Below are the records. Retype exactly the lines between the lines holding "Bus automobile commercial" and "Chacal européen, Canis", inclusive.

• **SUPPLIED DATA**:

■ ■ ■

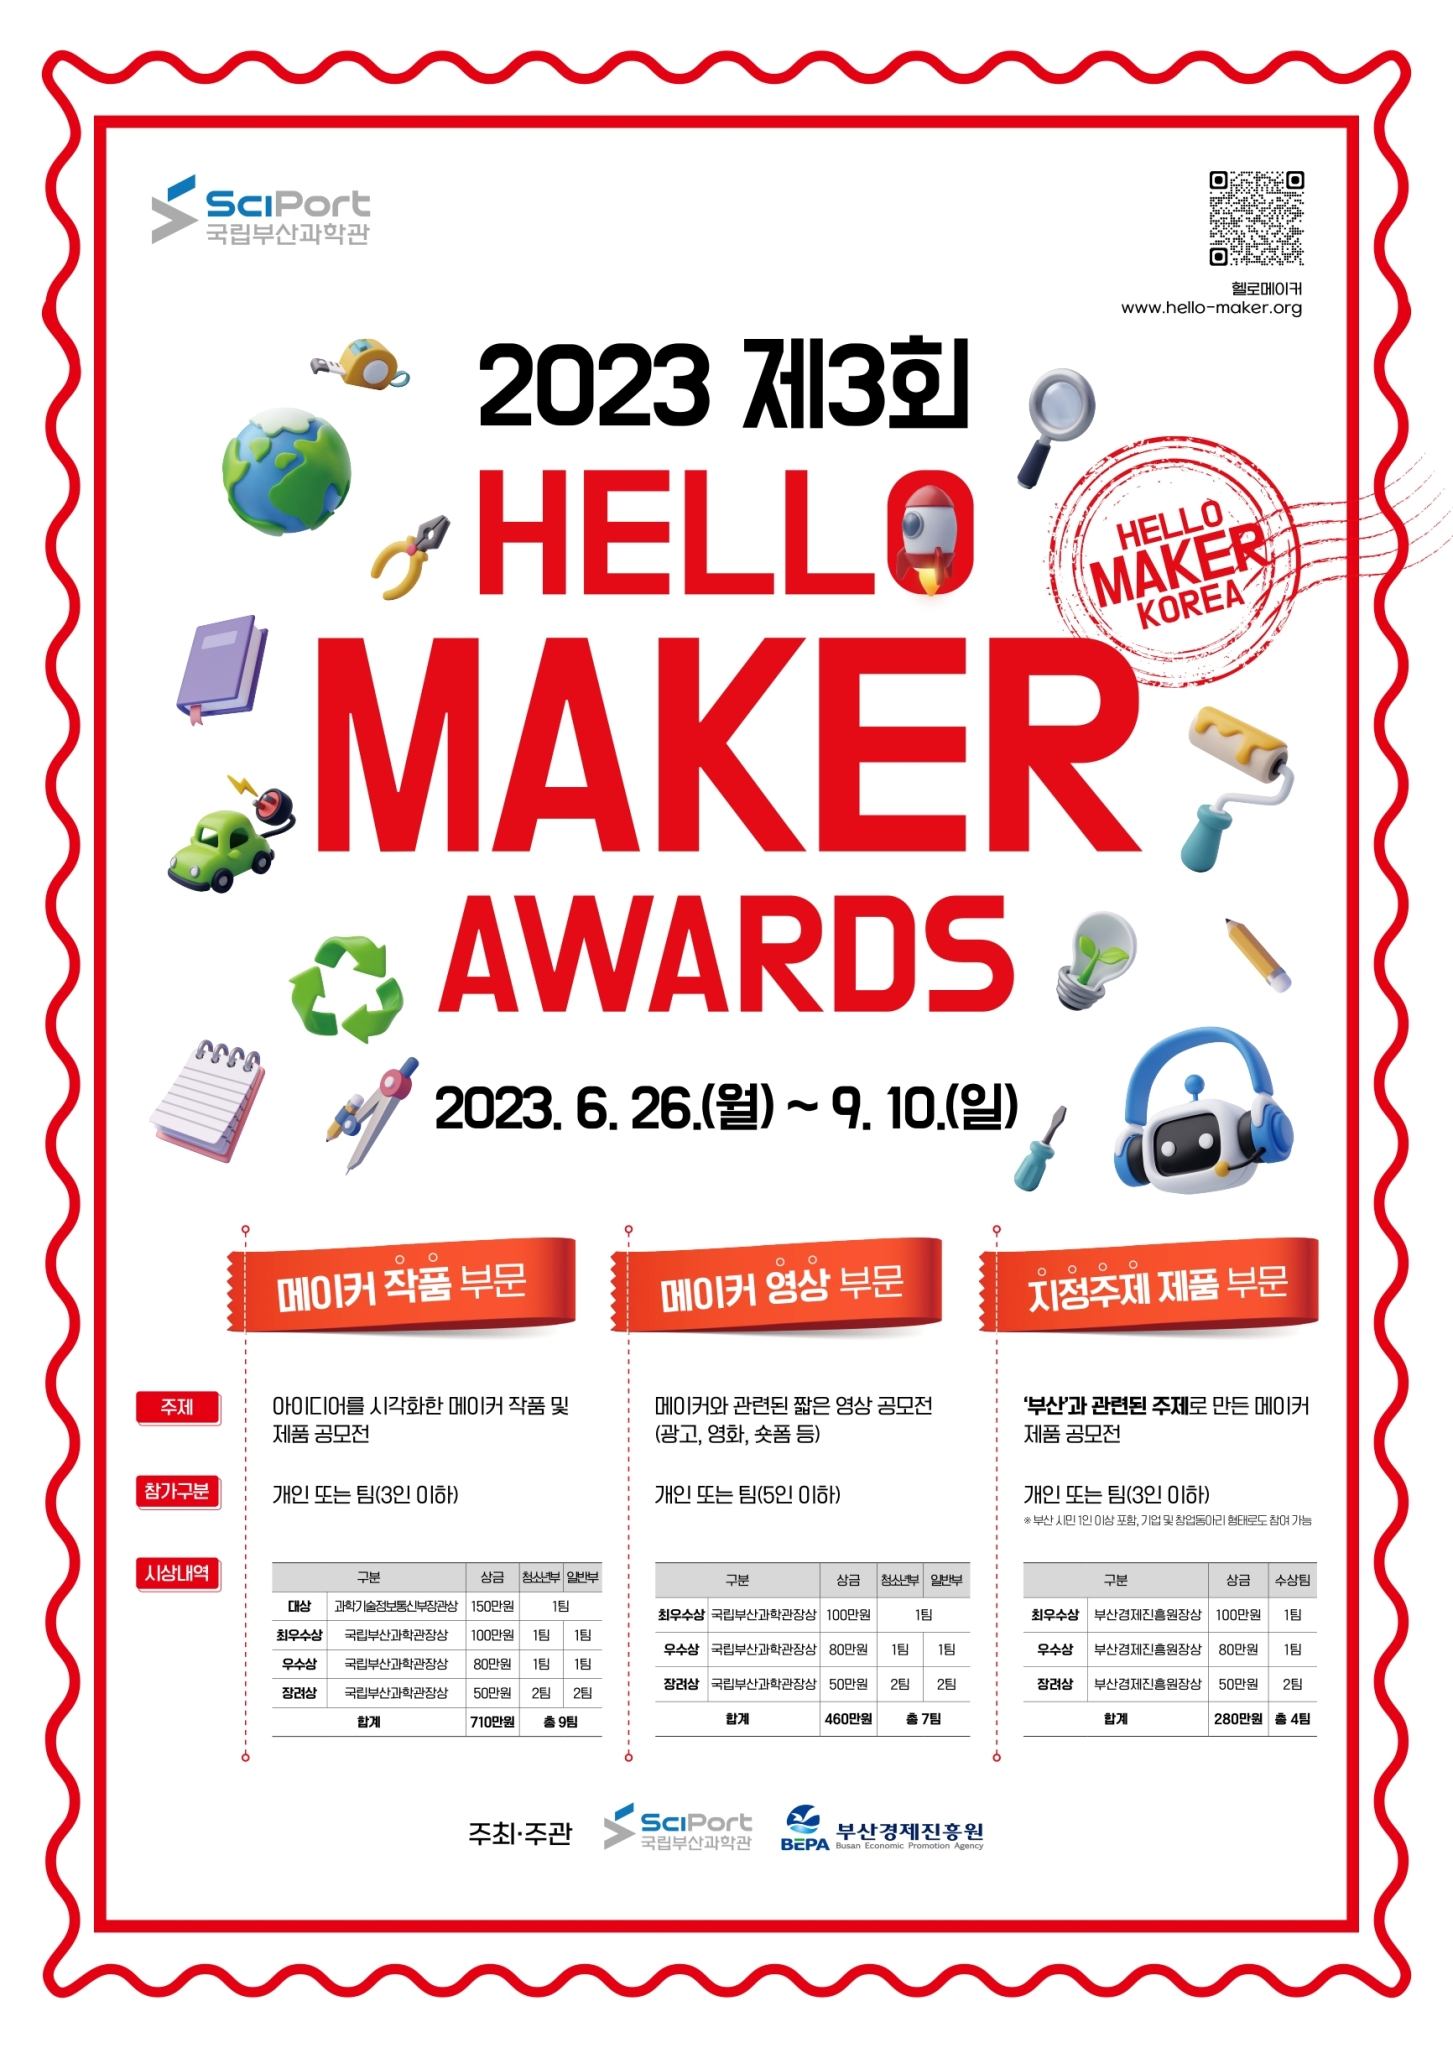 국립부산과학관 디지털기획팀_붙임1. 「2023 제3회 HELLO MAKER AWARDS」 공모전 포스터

■ ■ ■

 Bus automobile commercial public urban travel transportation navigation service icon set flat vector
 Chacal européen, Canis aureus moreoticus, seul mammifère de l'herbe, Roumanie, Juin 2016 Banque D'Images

■ ■ ■

• **OUTPUT BELOW**:
 Bus automobile commercial public urban travel transportation navigation service icon set flat vector
 Chacal européen, Canis aureus moreoticus, seul mammifère de l'herbe, Roumanie, Juin 2016 Banque D'Images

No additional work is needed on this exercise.